As indicated above, the more detailed information often must be submitted for individuals who have a direct or indirect ownership interest of 10% or more. However, it is not always so limited. Some states have a smaller ownership threshold, such as 5%. Also, some states require information not only from natural person owners, but also entity owners. So, companies that will acquire a certain percentage of the licensee may need to submit financial statements or information about any significant issues or problems in the company's past. At its most onerous, states also can require information on the officers and directors of new entity owners.

A number of issues can arise from these broad concepts of a change in control. For example, one common question is what "ownership" interests trigger the process. The ownership of voting stock is often clearly within the requirements. However, state requirements also may pick up non-voting equity interests, as well as certain economic ownership interests. Transactions structured as debt financing would not trigger these obligations, because there is no "ownership." But even that is not absolute.
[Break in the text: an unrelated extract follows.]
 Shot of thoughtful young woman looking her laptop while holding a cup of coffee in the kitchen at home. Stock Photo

In addition to bright-line triggers, such as an equity stake of 10% or more, states may have a catch-all provision within the definition of "ownership" or "control" that picks up anyone who has the power to direct the management or policies of the licensee. That can have implications for transactions that do not involve any ownership. In particular, most debt financing transactions include certain negative covenants that place limits on the activities or actions of the licensee or the licensee's owners. A common covenant would prohibit the recipient of the financing from liquidating the company's assets. Those covenants are meant to protect the financer's investment, and it is commonly understood those types of limits would not be considered "control" of the licensed company. However, it is not hard to imagine a transaction with covenants and obligations that are so restrictive or broad they rise to the level of "control."

Further, even debt financing transactions with reasonable and typical provisions may not always be excluded from change in control requirements. At least one state has adopted a license that obligates the licensee to provide information on any person that lends, provides, or infuses, directly or indirectly, in any way, funds to or into a licensee.
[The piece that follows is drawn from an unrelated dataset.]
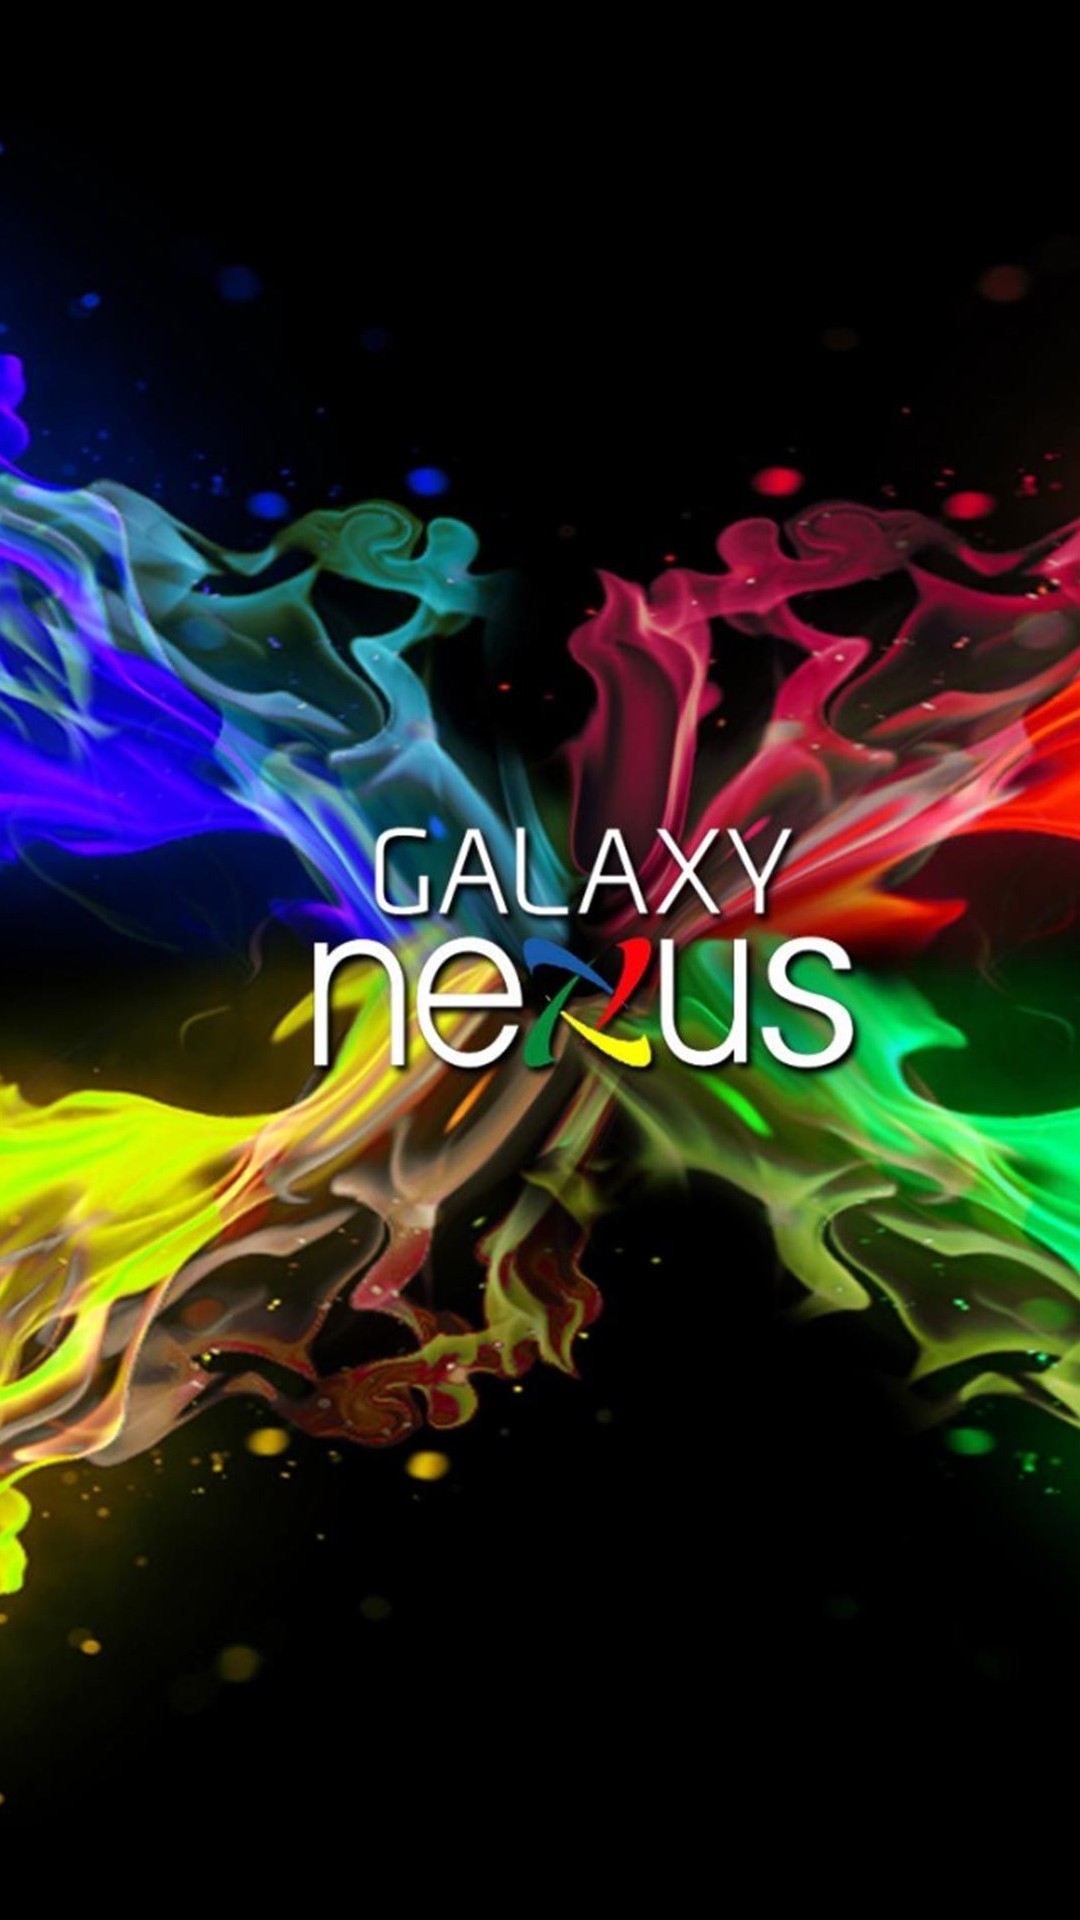 hd wallpapers for nexus 5,graphic design,text,font,design,illustration

Change in control issues are complex. It can be difficult to determine whether a transaction triggers the process, and if it does, there is also the need to figure out exactly what will be required. Complicating the process, the deals and transactions involved often develop very quickly. As much as possible, companies contemplating a change in control should consult counsel for help identifying and addressing these compliance issues early in the process. Knowledgeable counsel also may be able to advise on ways to structure the deal to mitigate the change in control requirements.